_Your instructions_: Recreate the listing that follows line for line, without pictures.

_Supplied information_:

══════════

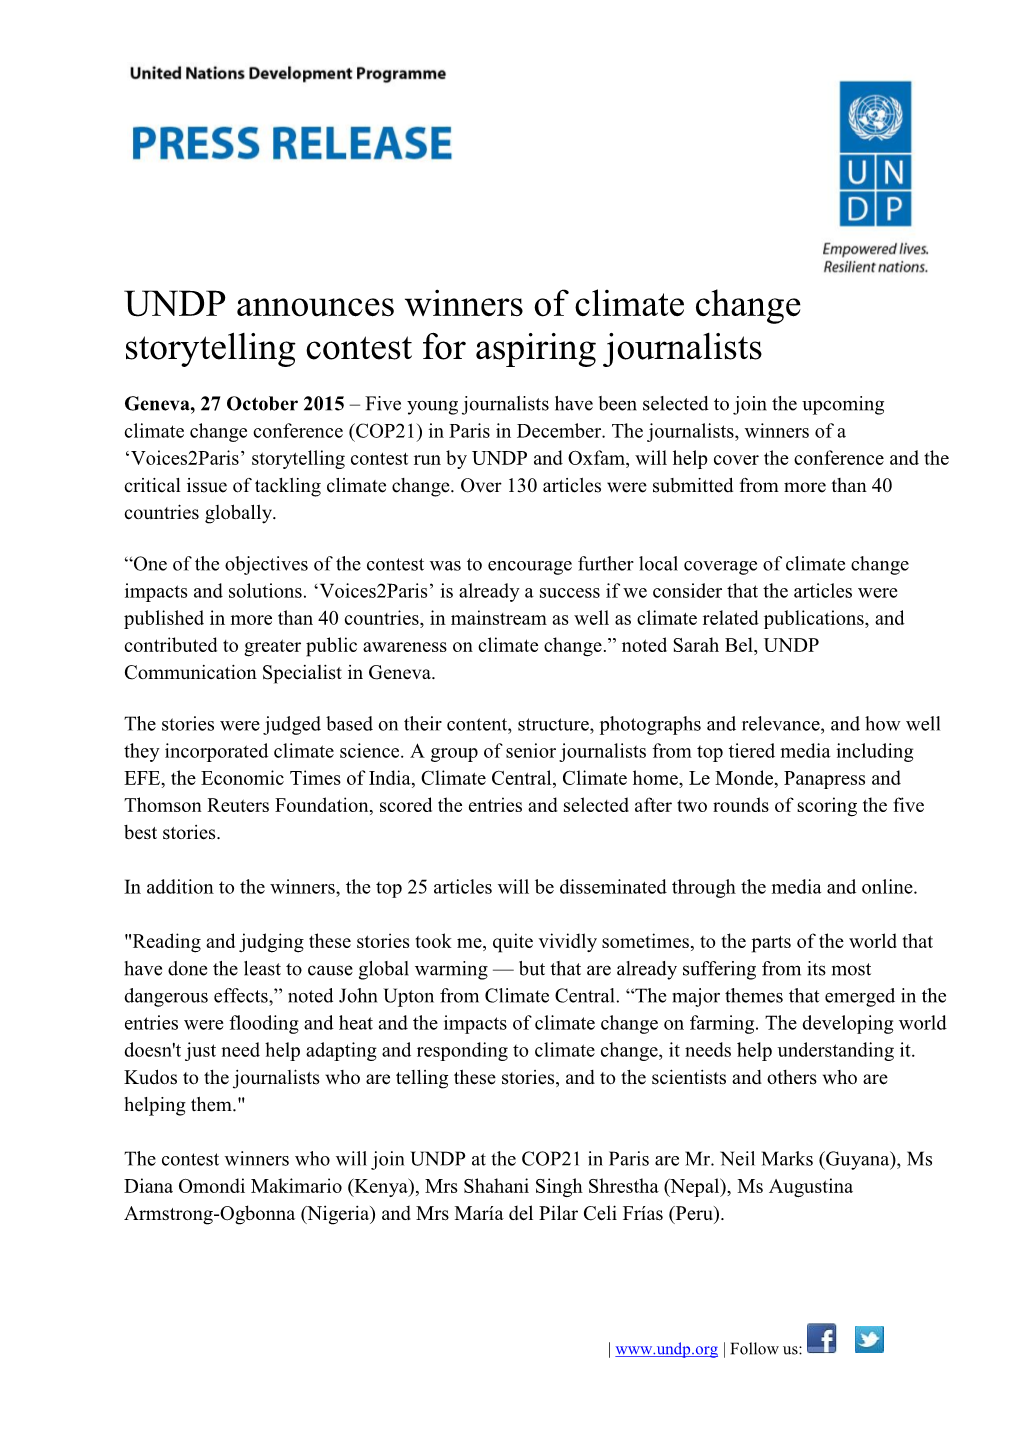 UNDP Press Release with Boilerplate Eng Letter: Update with Contact Information
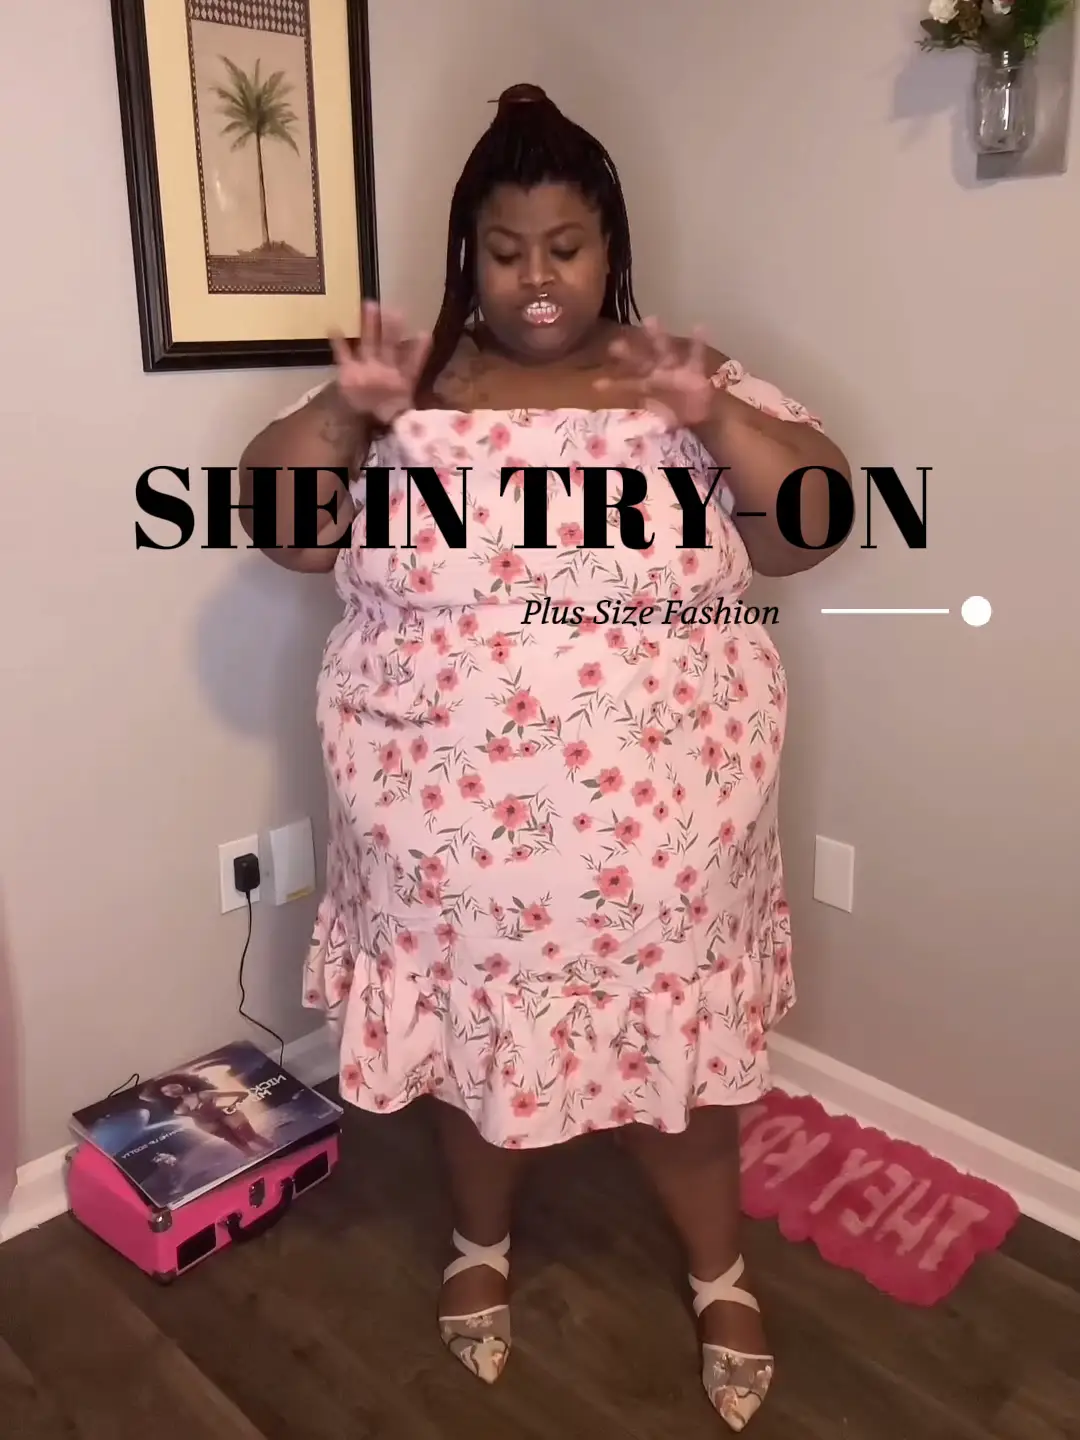 I'm a size 20 & tried on Shein plus size dresses - one's perfect
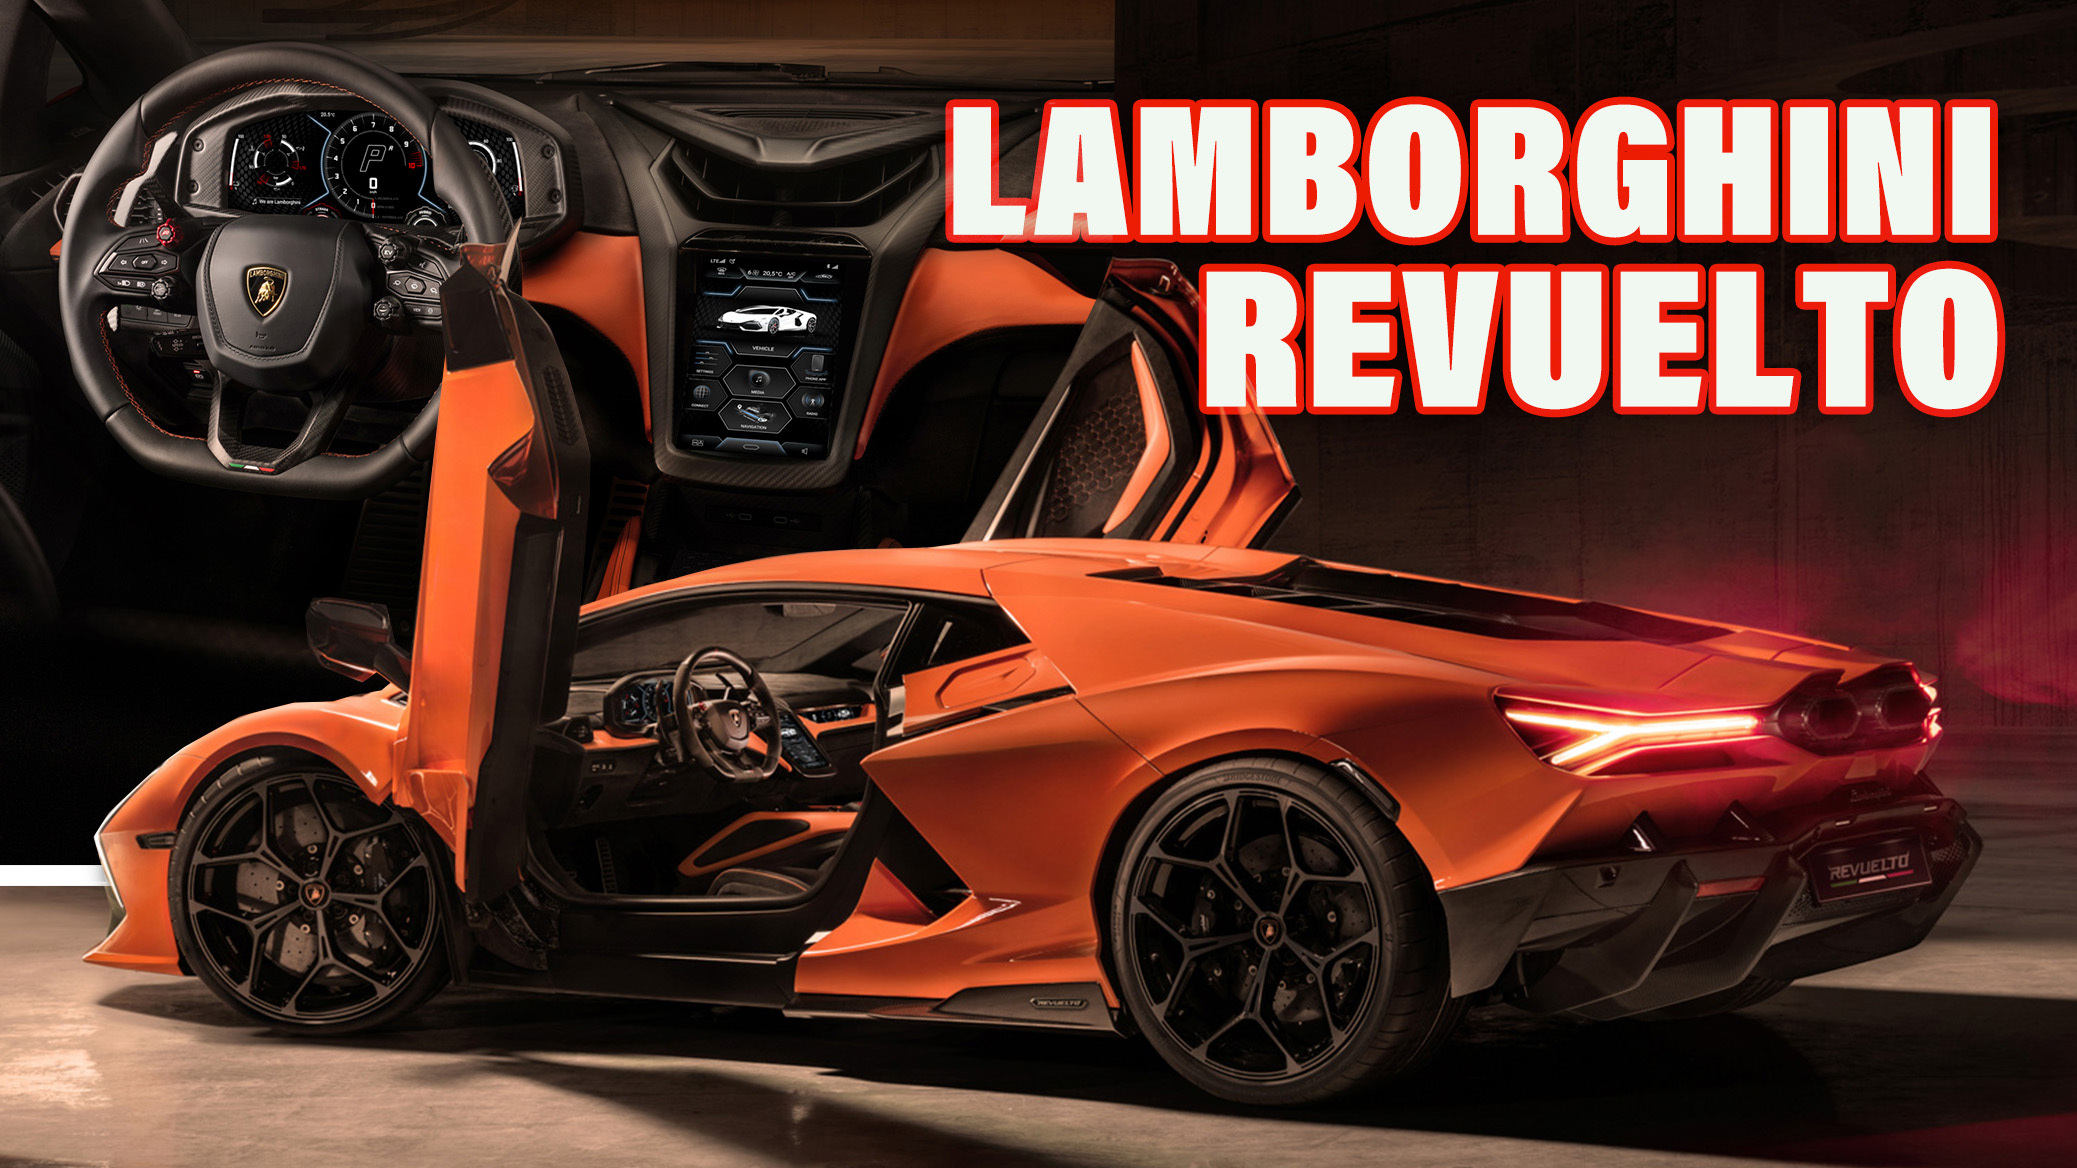 Lamborghini has finally launched its first hybrid
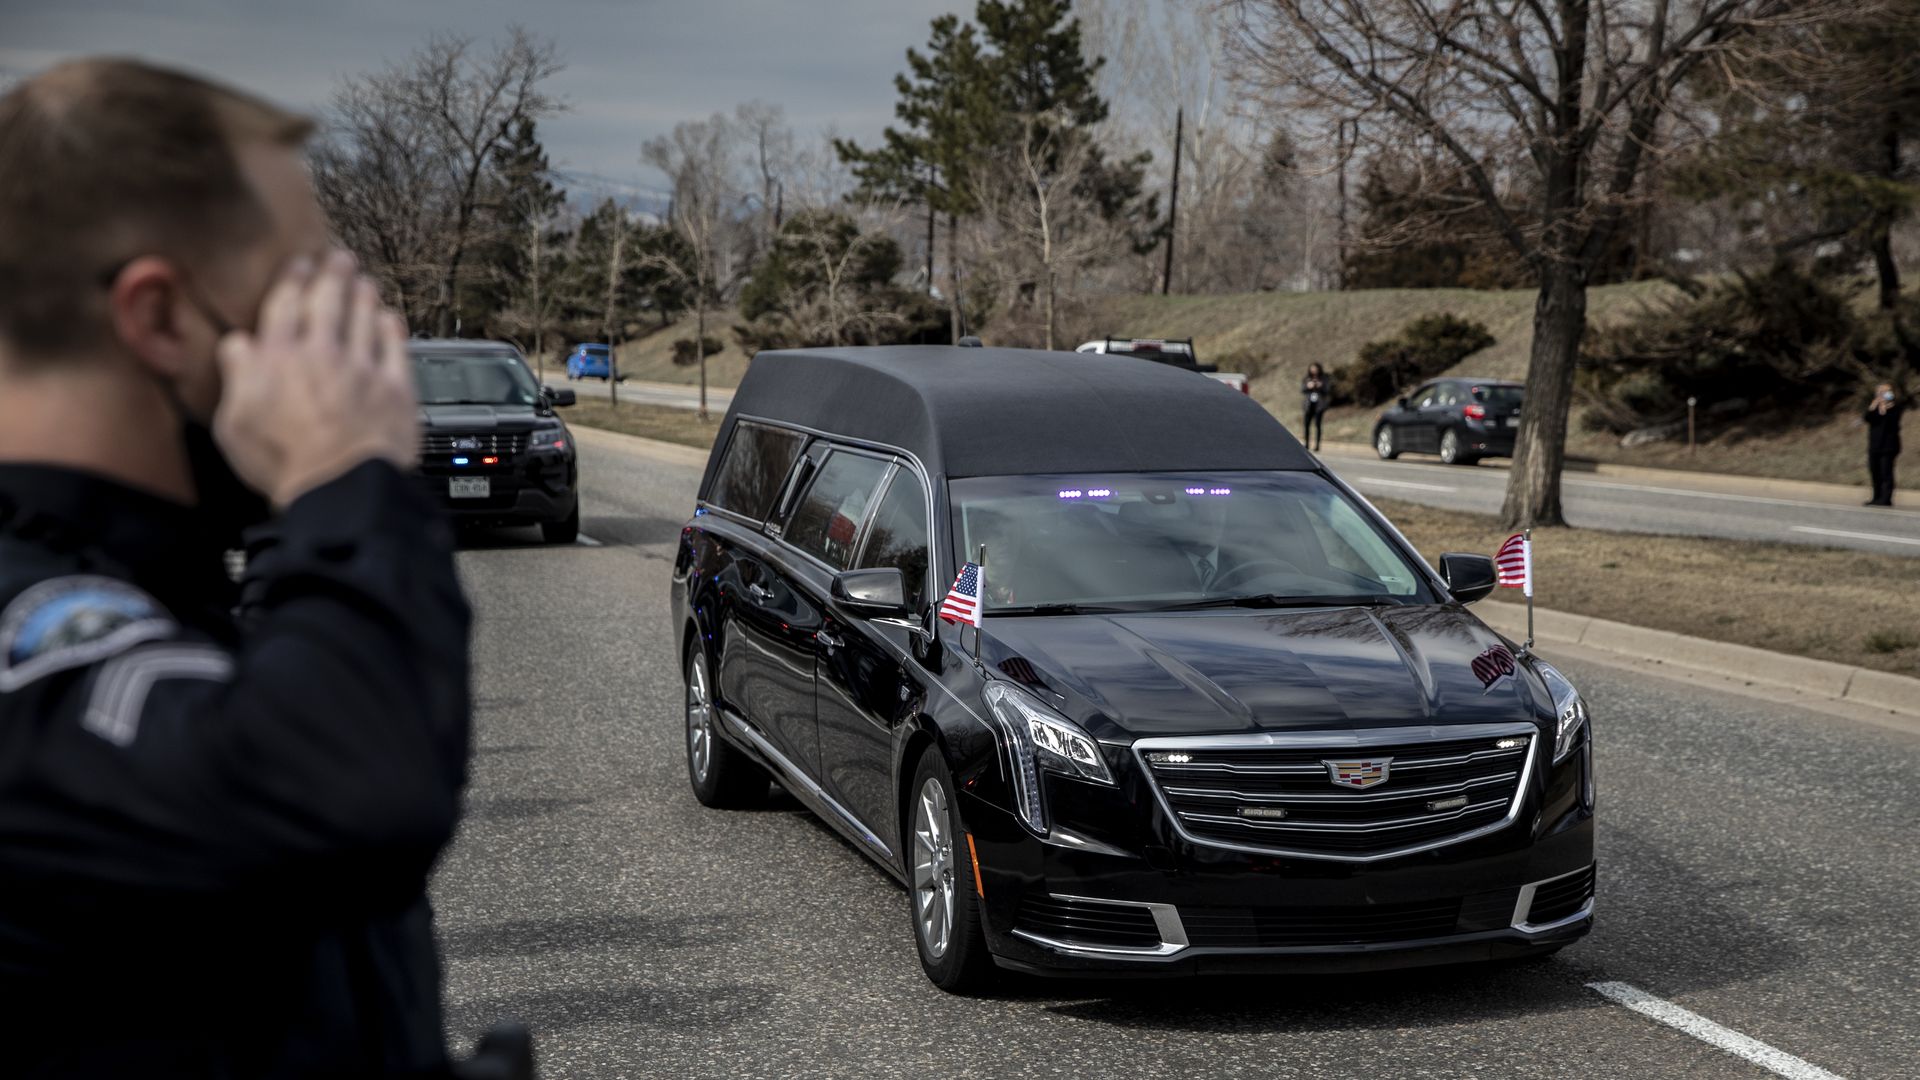 A police officer is seen saluting a hearse carrying the body of slain Boulder Police Officer Eric Talley.

══════════

_Answer section_:
 UNDP Press Release with Boilerplate Eng Letter: Update with Contact Information
 I'm a size 20 & tried on Shein plus size dresses - one's perfect
 Lamborghini has finally launched its first hybrid
 A police officer is seen saluting a hearse carrying the body of slain Boulder Police Officer Eric Talley.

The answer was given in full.